[OPE-L:4663] Re: David Yaffe on Ricardo and Marx

From: paul bullock (paulbullock@ebms-ltd.in2home.co.uk)
Date: Sun Dec 10 2000 - 12:20:46 EST

Dear Paul Z

All I know of this is that NI I Ziber or Sieber (both spellings appear in
variors references to the man),  1844-1888 was an economic 'publicist',
witing for radical liberal  magazines , popularising marx;'s works.  The key
work that he wrote ' David ricardo and Karl Marx in their socio economic
investigations'  st Petersberg 1885, and found also in his CW's 2 vols 1900.
He had translated David Ricardo's works  by 1882  and I believe these
translations contained summaries of Marx's views.  Remember Russian was the
FIRST language into which capital was translated after the German ed. in
1872 and  its success in Russia was great and immediate.  Marx started
studying Russian seriously in 1870, so he was able to follow the  debate
after publication.. (remember the addendum to the second ed of Capital
relating to Danielson's review).

Lenin was born in1870. He did not have (own) a copy of Siebers 'David
Ricardo...' until at least after December 1897 ( when he was in exile at
Shushenskoye). However he uses it approvingly in writing various pieces at
that time... ( and I cannot find reference to any other work of Seibers in
Lenin)  which incidentally might interest some of those involved in the
current discussions here on line. eg  Lenins Characteristics of Economic
Romanticism., and  On the Market Question.

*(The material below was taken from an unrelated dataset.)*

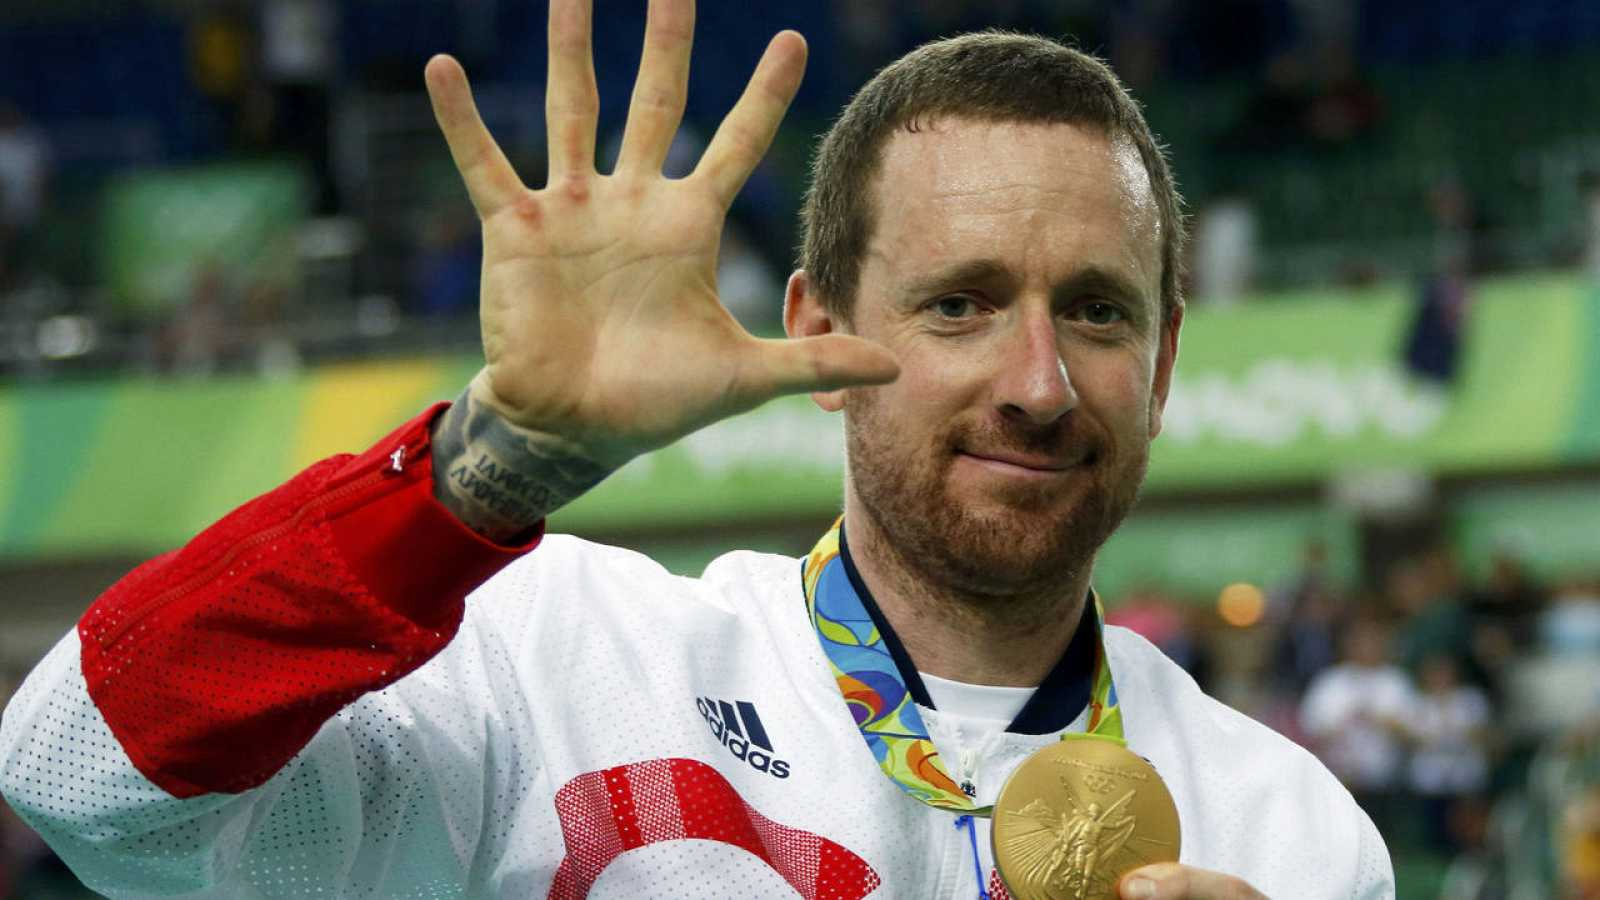 Bradley Wiggins muestra los cinco dedos festejando sus cinco oros en Juegos Olímpicos, tras el logrado en Río en persecución por equipos.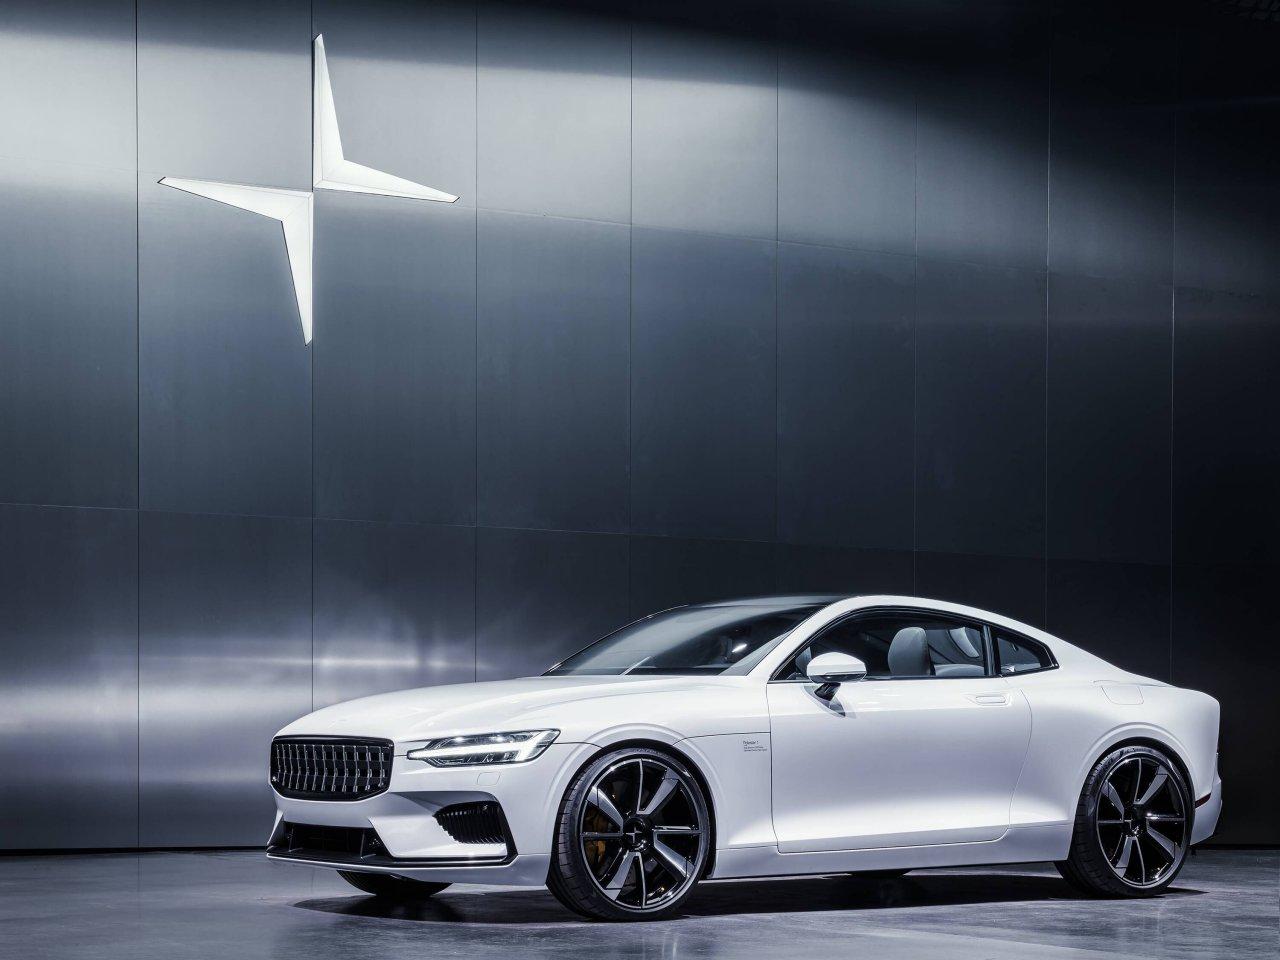 Polestar, Polestar's art for auto deal: Got art? Get a car, ClassicCars.com Journal

Unfortunately I don't have
Russian so can't help... so I can't assess the notion that marx 'followed'
Ricardo . We all know that the questions asked by Ricado were reformulated
by Marx... is this 'following'... I don't really understand your question.
Clearly both Lenin and Marx appreciated Seiber's work , but this doesn't
make either of them a Ricardian. ... perhaps you could tell us what the
meaning of 'followed' was in that context, your question is  very

this leads me to Jerry's question to me about fundamentalism. I use the term
because I think the theory Marx developed stands, and by its nature can
itself be applied to explain the development of capitalism. I did not say
Marx had answered  all the concrete questions facing him... only that he
felt that he had built an approach, and answered so many key questions that
there was quite enough to go on! Fundamentalism... again in my sense
requires  scientific application and development, but when so many academics
in Universities spend so much of their time picking holes in Marx where
there are none, one can either say one is for him, or as Marx said at one
stage,  one isn't ( that sort of) Marxist. In any case ther term orthodox
was thrown at us when we were taking up the Neo Ricardians (actually oftern
Smithians in many regards), so we took it up and said OK... Lenin did the
same of course (although i hasted to add that no comparison is at al
intended!!! ).

Jerry - The 30,000 words I was refering to was the length of   'The Crisis
and the Post war Boom'... did you read it?

Paul Blk

-----Original Message-----
From: Paul Zarembka <zarembka@acsu.buffalo.edu>
To: ope-l@galaxy.csuchico.edu <ope-l@galaxy.csuchico.edu>
Date: 06 December 2000 17:27
Subject: [OPE-L:4622] David Yaffe on Ricardo and Marx

>How do you reconcile the fact that Marx has a high regard for the work of
>N. Sieber (who wrote a book published in Russian in 1871 which Marx read
>and recommended highly; he also wrote articles in the 1870s on Marx's
>theories) even as Sieber explicitly wrote (and Marx read) that Marx was
>following in Ricardo's footsteps?  In other words, if Sieber was wrong,
>why did Marx praise Sieber's work and why didn't Marx correct Sieber?
>Paul Z.
>Paul Zarembka, editor, RESEARCH IN POLITICAL ECONOMY at
>********************** http://ourworld.compuserve.com/homepages/PZarembka
>On 6 Dec 2000, Jerry Levy wrote:
>> The inventor of the velocitometer, David Yaffe, has joined OPE-L.
>> Of course, David Y is known to many on this list for other
accomplishments as
>> well (see below).
>> ...
>> He provides us with the following (controversial?)introduction:
>> ...
>> Yet it was just at that time that many of the fundamental propositions
>> developed by Marx in his critique of political economy were being
>> challenged by a group of people in the CSE. They saw themselves as
>> non-dogmatic and creative 'critics' of Marx and believed they were
>> developing Marx's theoretical insights. We saw them quite differently. We
>> argued that they were not simply 'revising' Marx but rejecting the
>> scientific basis of his work. They represented a 'new' bourgeois school
>> thought - actually an old recurring one - located in the Ricardian
>> tradition of political economy. Their views would inevitably undermine
>> revolutionary conclusions contained in Marx's work. That is why we, as
>> 'orthodox' Marxists (they called us 'fundamentalists') vigorously opposed
>> the neo-Ricardians in all forums of the CSE.